* _Provided material_:
· · · ·
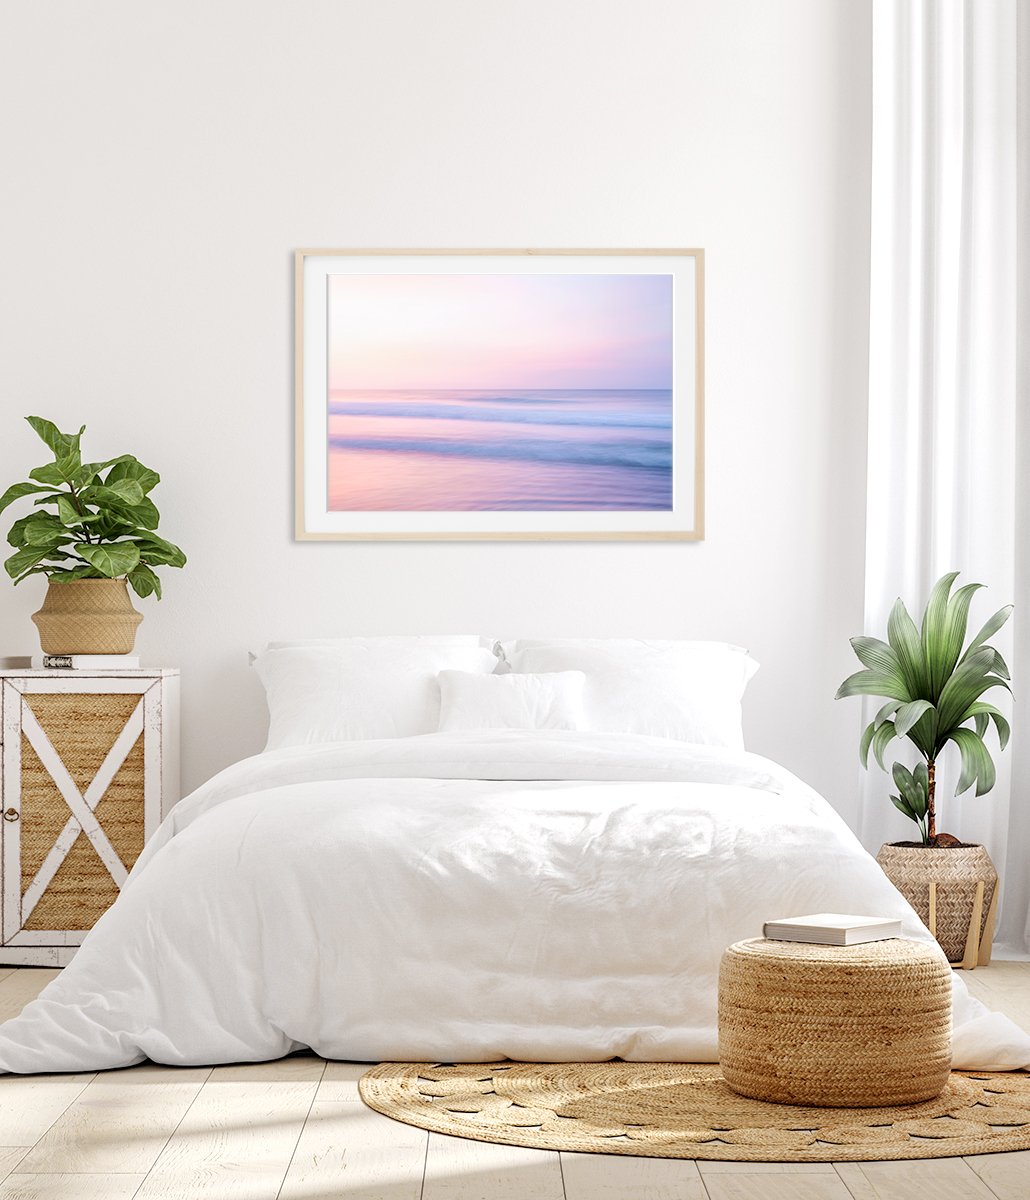 bright white bedroom decor, calming pastel pink minimal sunrise beach photograph by Wright and Roam
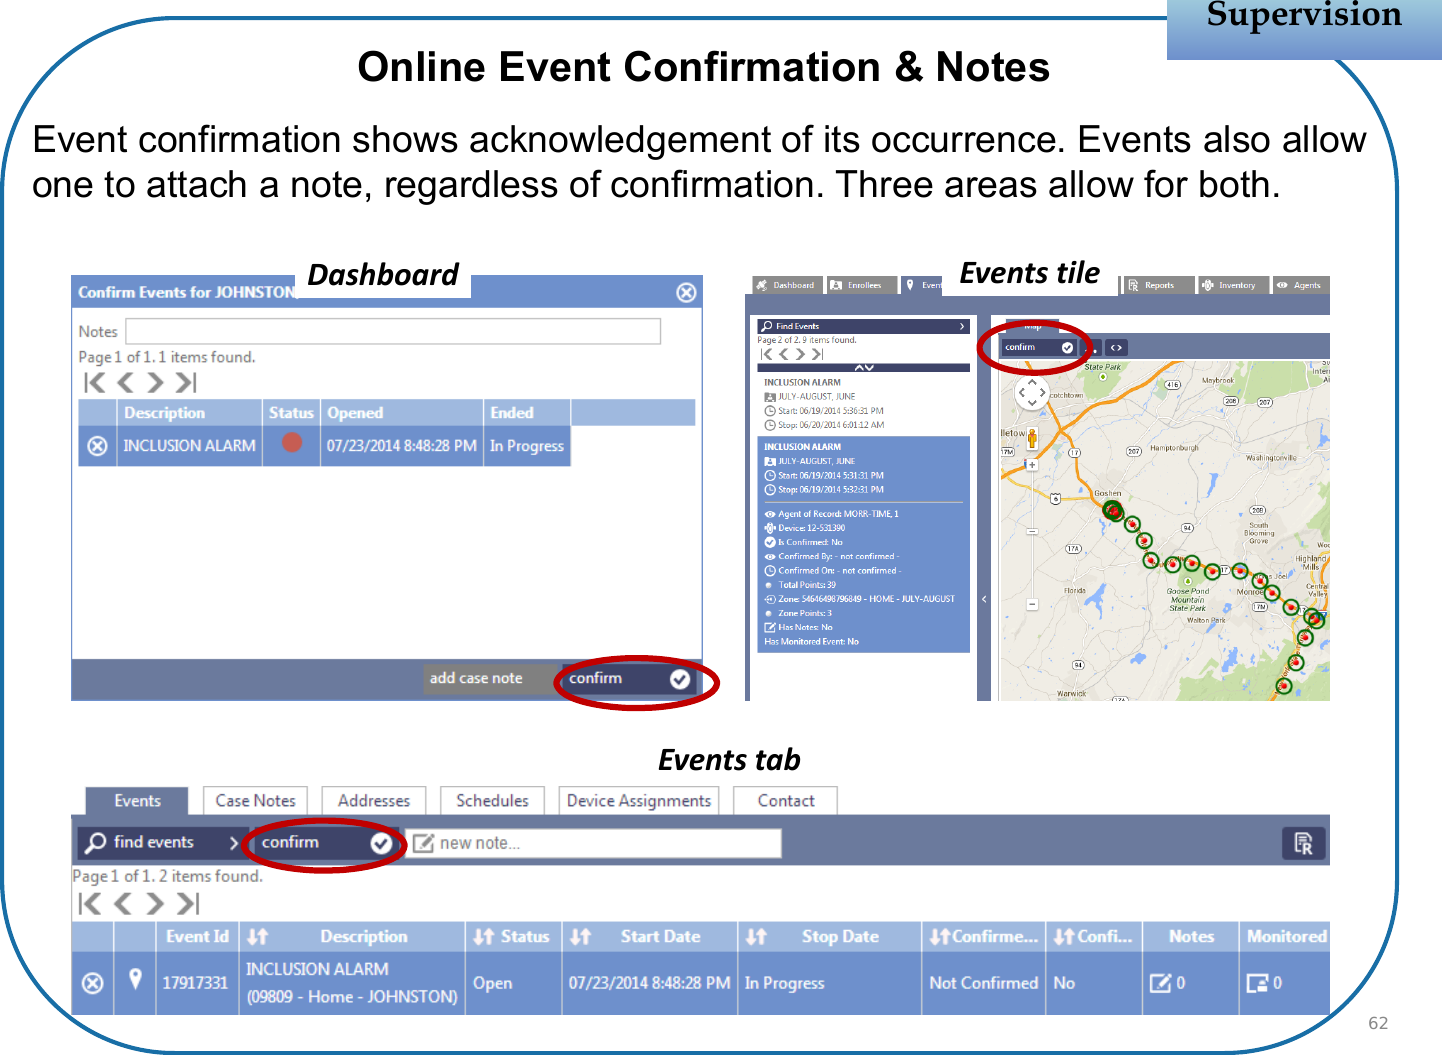 Online Event Confirmation &amp; NotesEvent confirmation shows acknowledgement of its occurrence. Events also allow one to attach a note, regardless of confirmation. Three areas allow for both.SupervisionSupervision62Dashboard EventstileEventstab
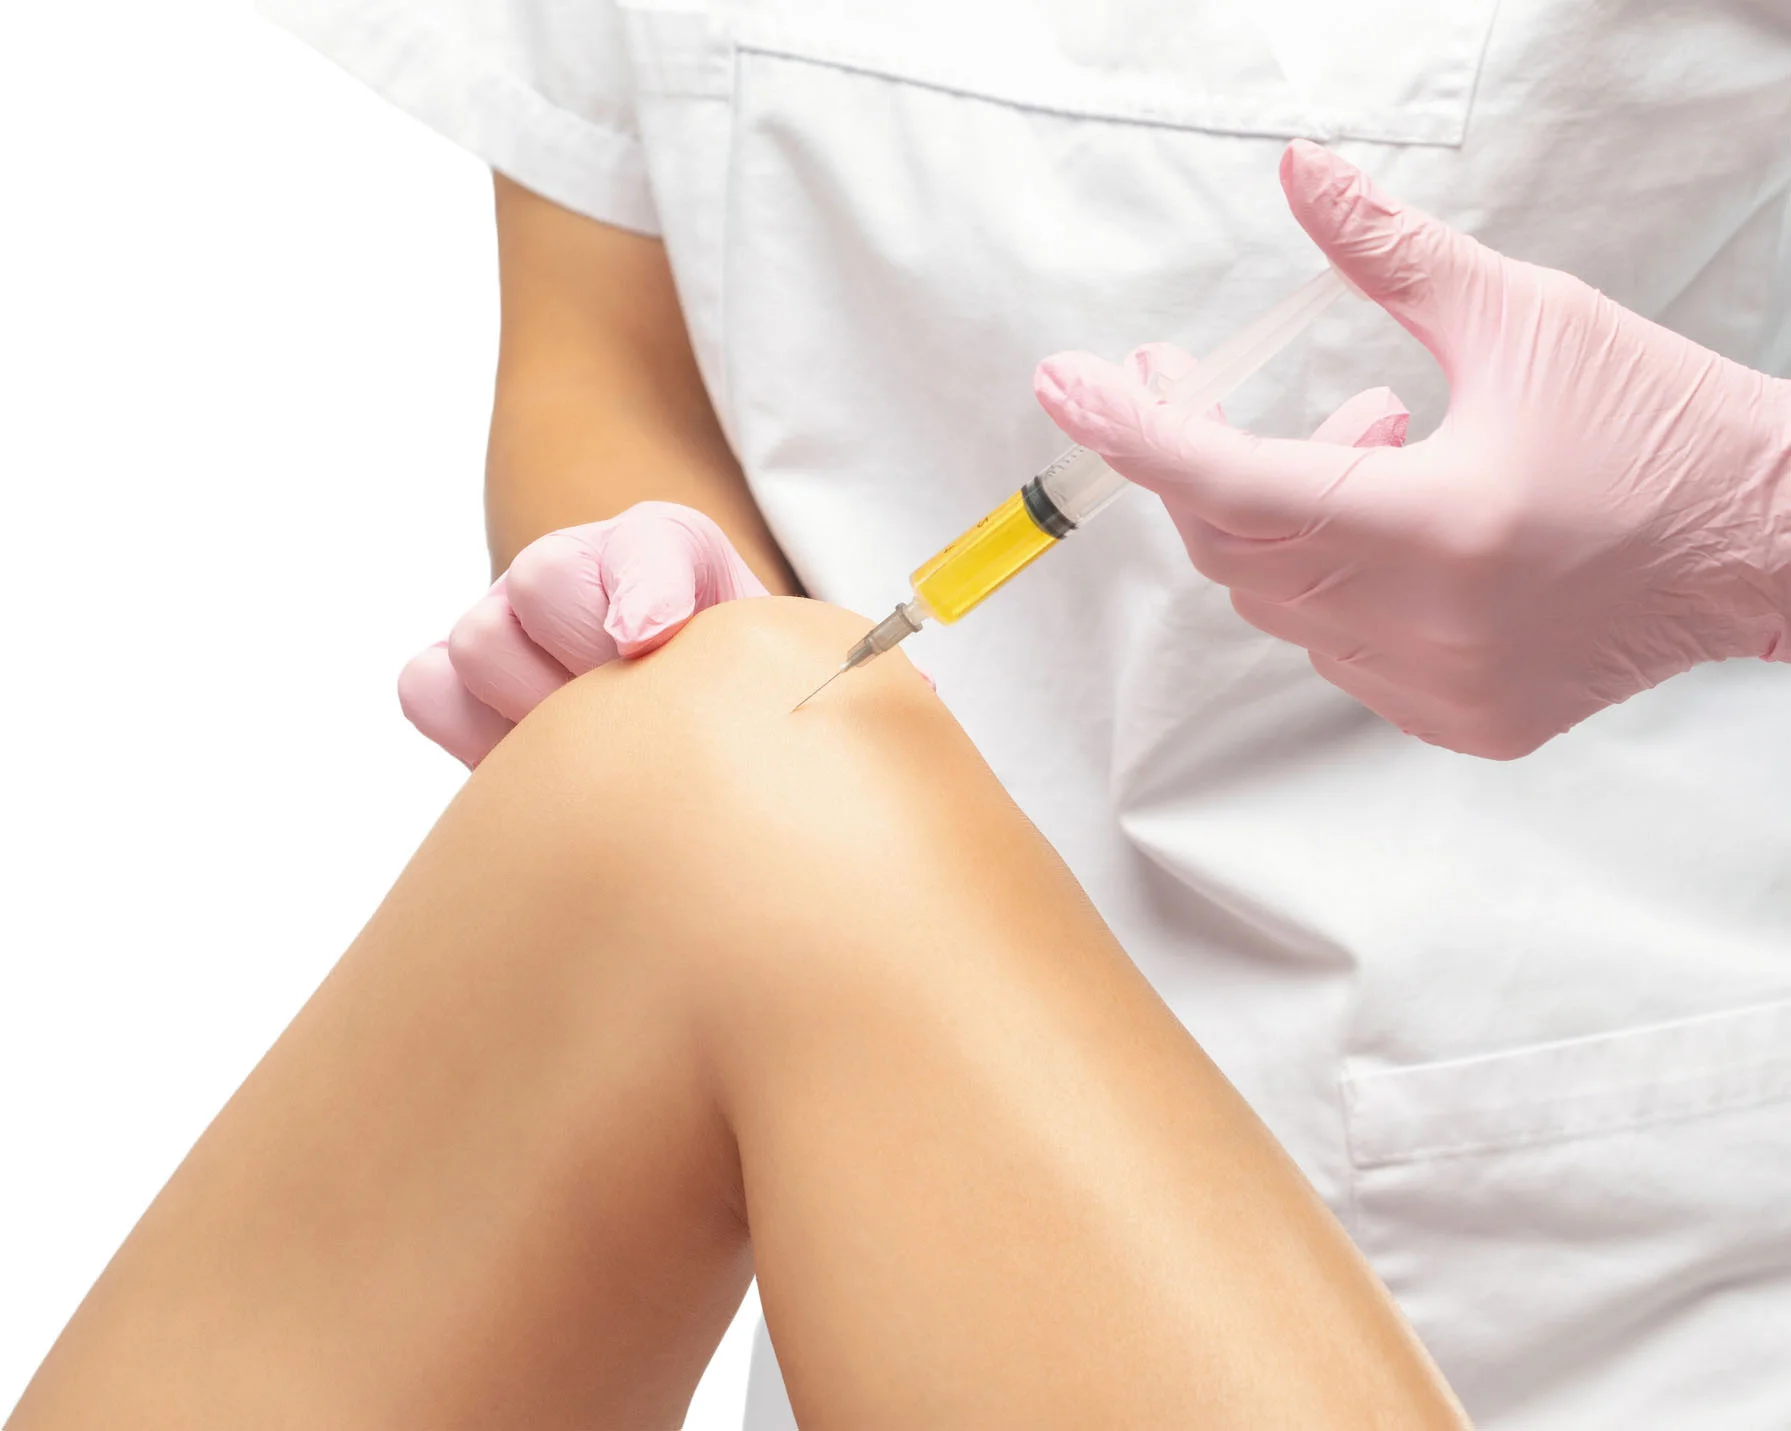 PRP for Knees and Joints
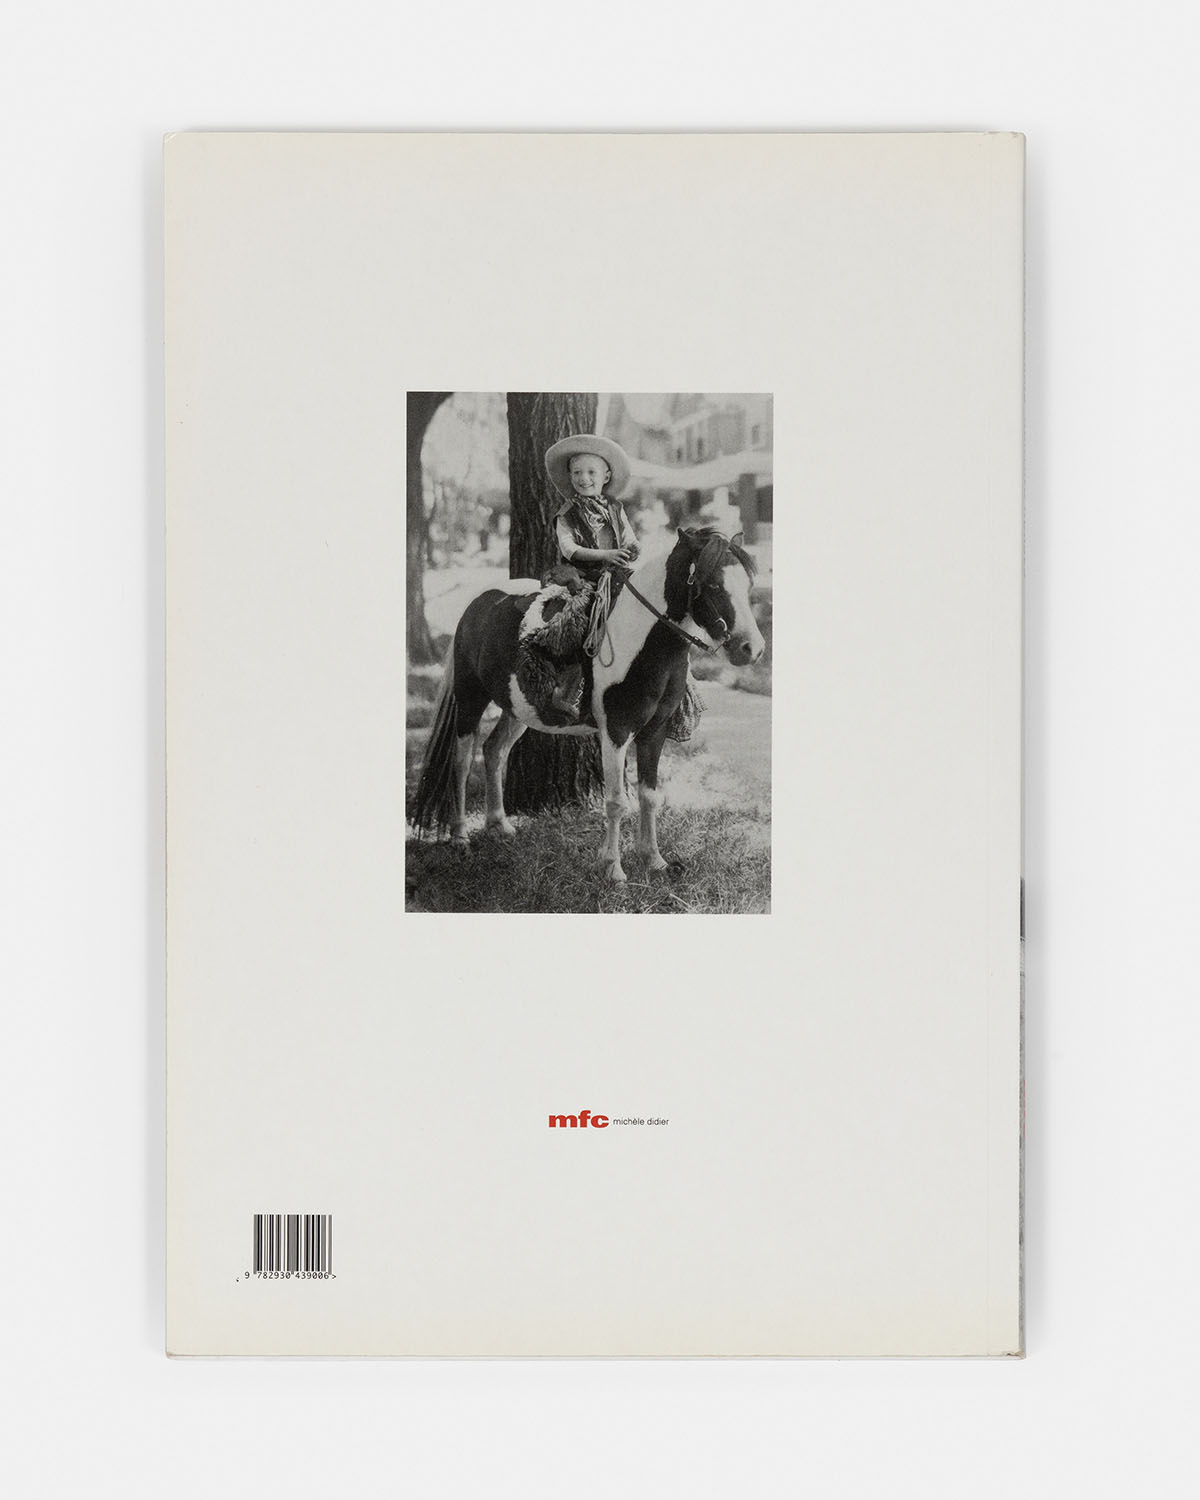 Hurting Horses, 2005 - Vue suppl&eacute;mentaire
· · · ·
* _Exercise aim_: Without any of its images, the data above should be returned exactly.

* _Final answer_:
 bright white bedroom decor, calming pastel pink minimal sunrise beach photograph by Wright and Roam
 Online Event Confirmation &amp; NotesEvent confirmation shows acknowledgement of its occurrence. Events also allow one to attach a note, regardless of confirmation. Three areas allow for both.SupervisionSupervision62Dashboard EventstileEventstab
 PRP for Knees and Joints
 Hurting Horses, 2005 - Vue suppl&eacute;mentaire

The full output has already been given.